▶ [Problem] What you return should match the data word for word, minus the images.

▶ [Given data]
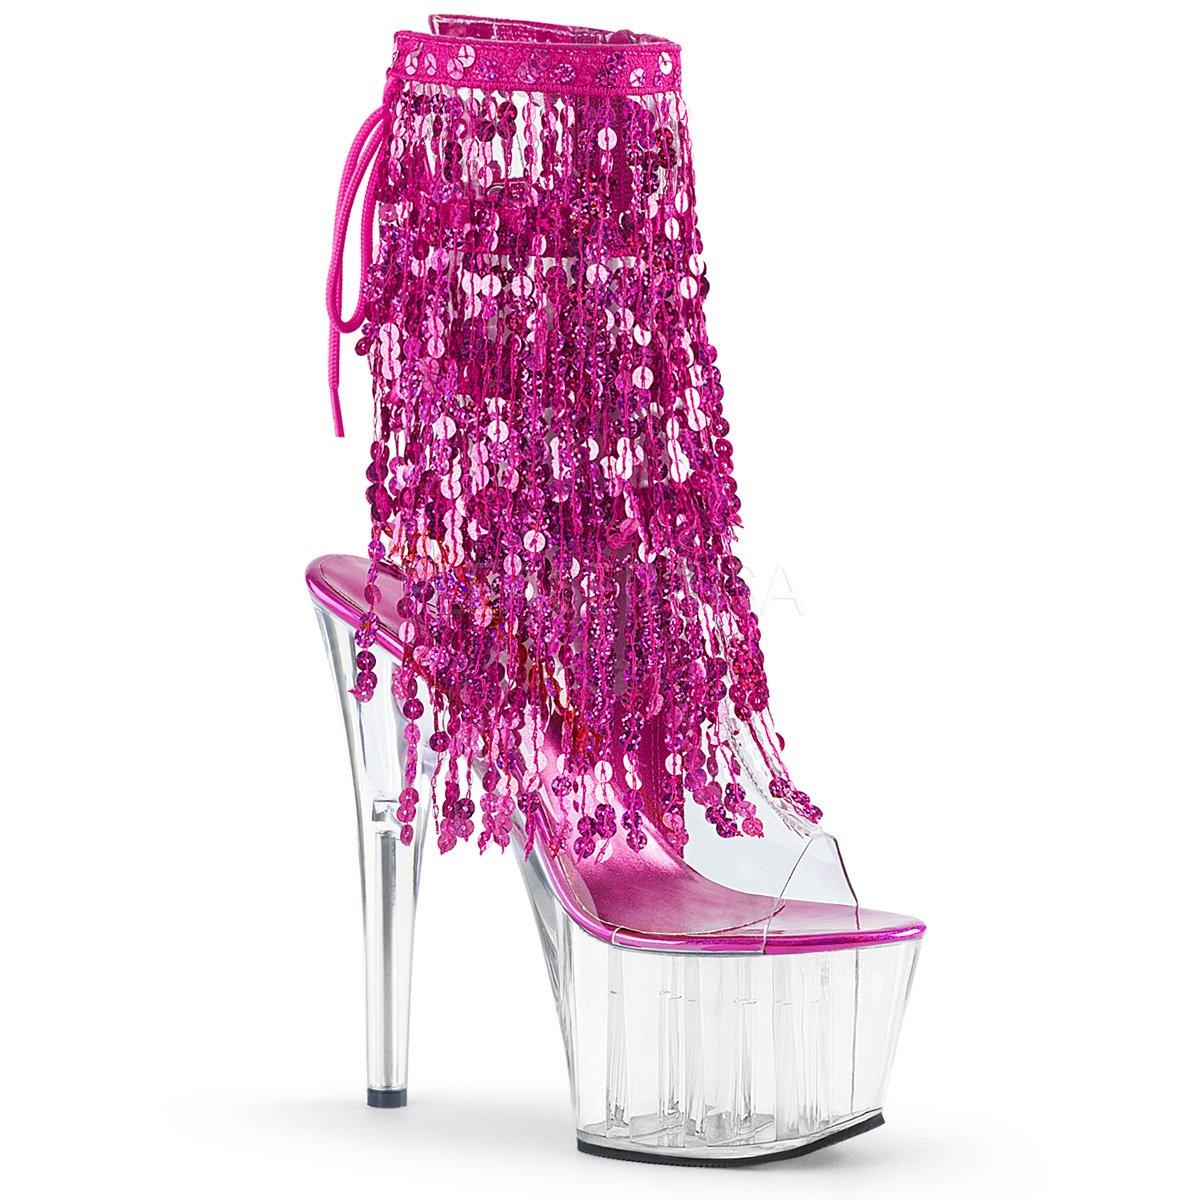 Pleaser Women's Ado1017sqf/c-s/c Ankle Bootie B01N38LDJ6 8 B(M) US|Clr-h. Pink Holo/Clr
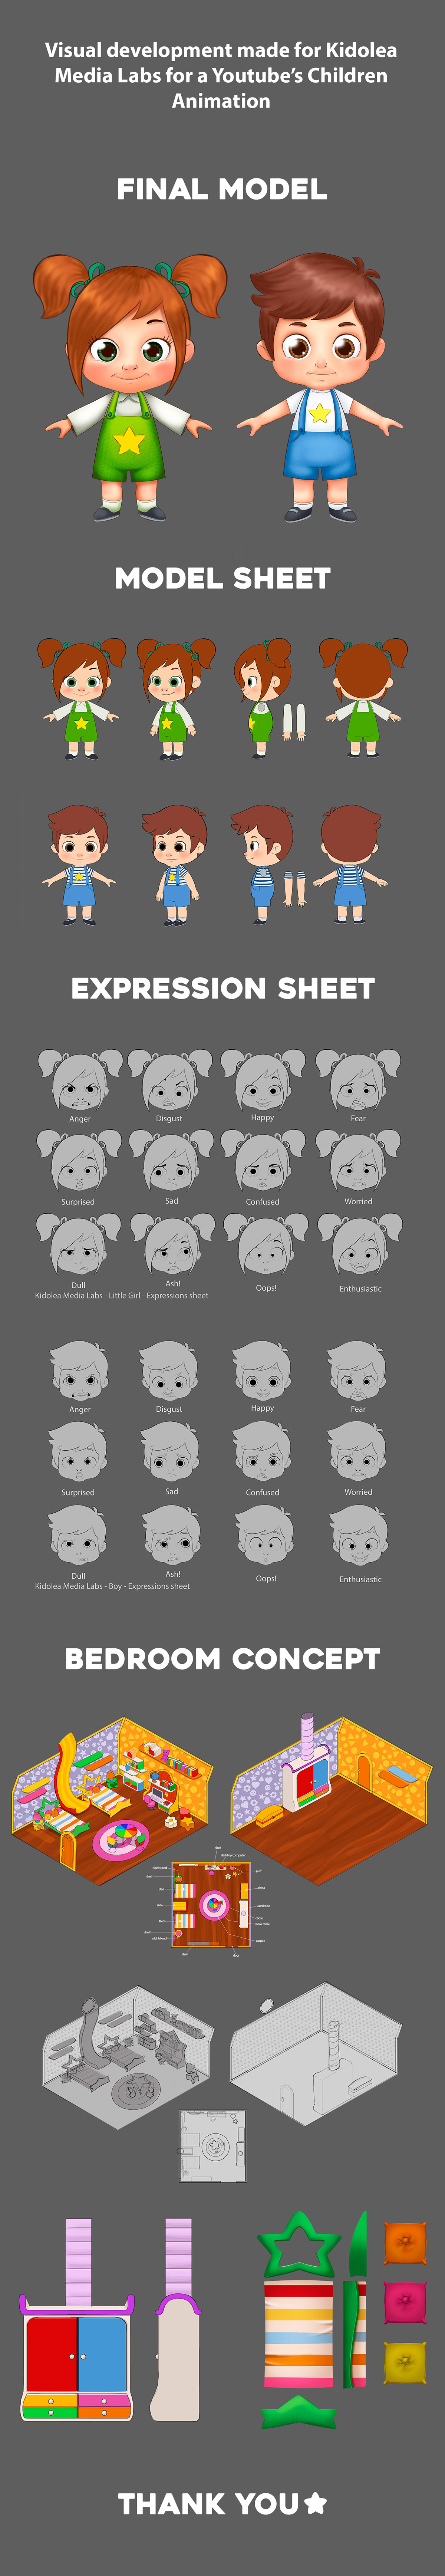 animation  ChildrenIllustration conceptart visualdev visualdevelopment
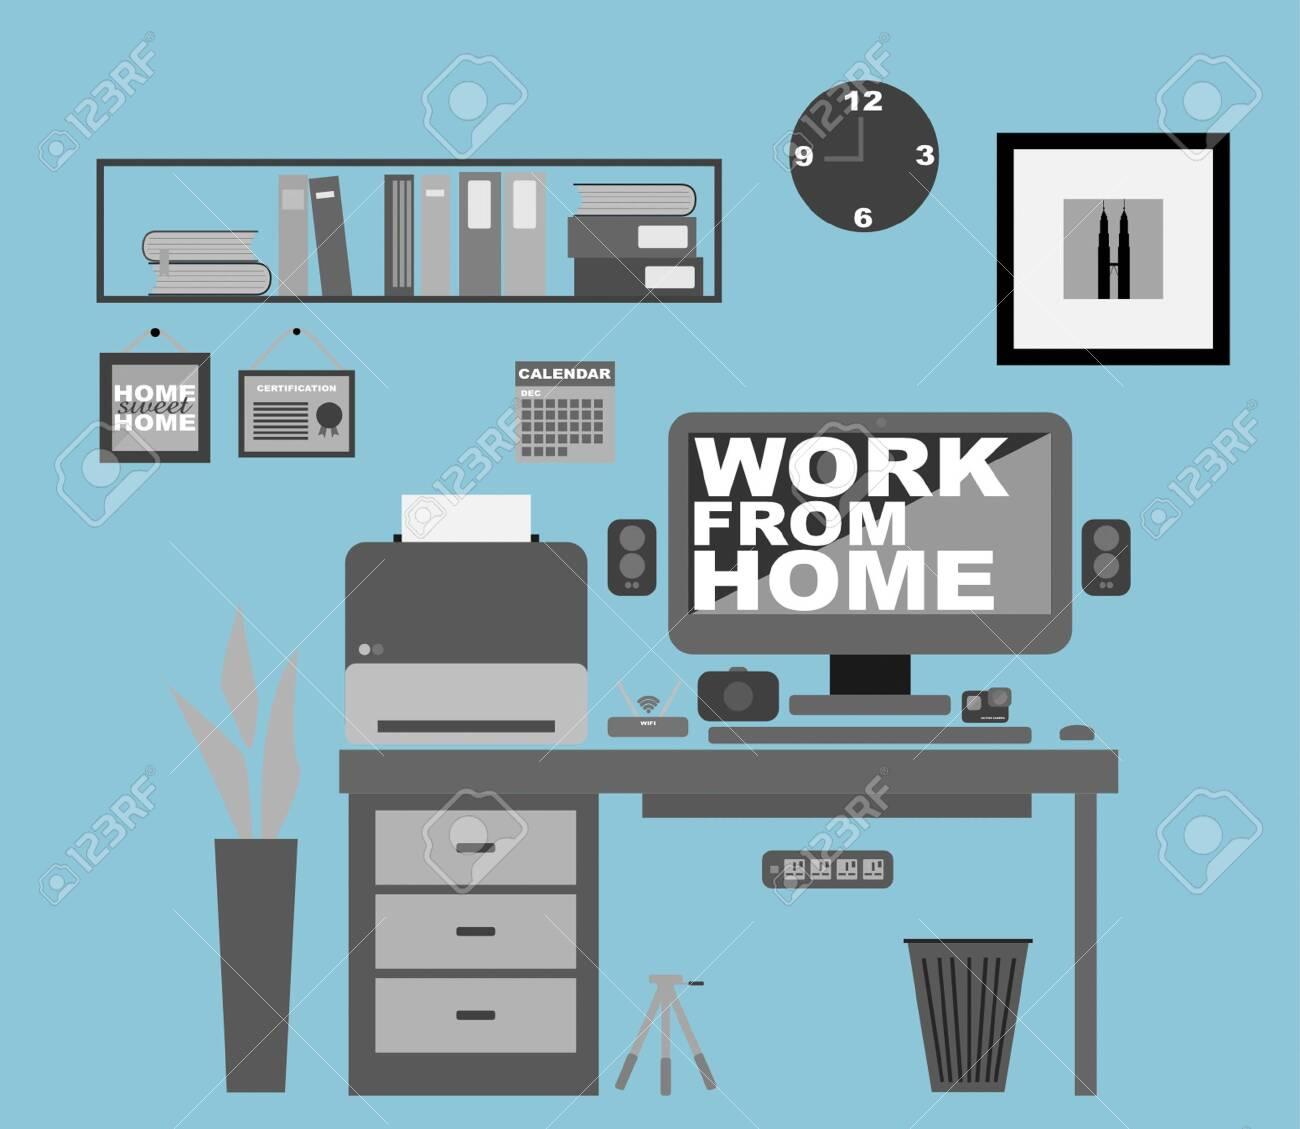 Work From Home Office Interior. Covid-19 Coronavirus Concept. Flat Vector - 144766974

▶ [Answer section]
 Pleaser Women's Ado1017sqf/c-s/c Ankle Bootie B01N38LDJ6 8 B(M) US|Clr-h. Pink Holo/Clr
 animation  ChildrenIllustration conceptart visualdev visualdevelopment
 Work From Home Office Interior. Covid-19 Coronavirus Concept. Flat Vector - 144766974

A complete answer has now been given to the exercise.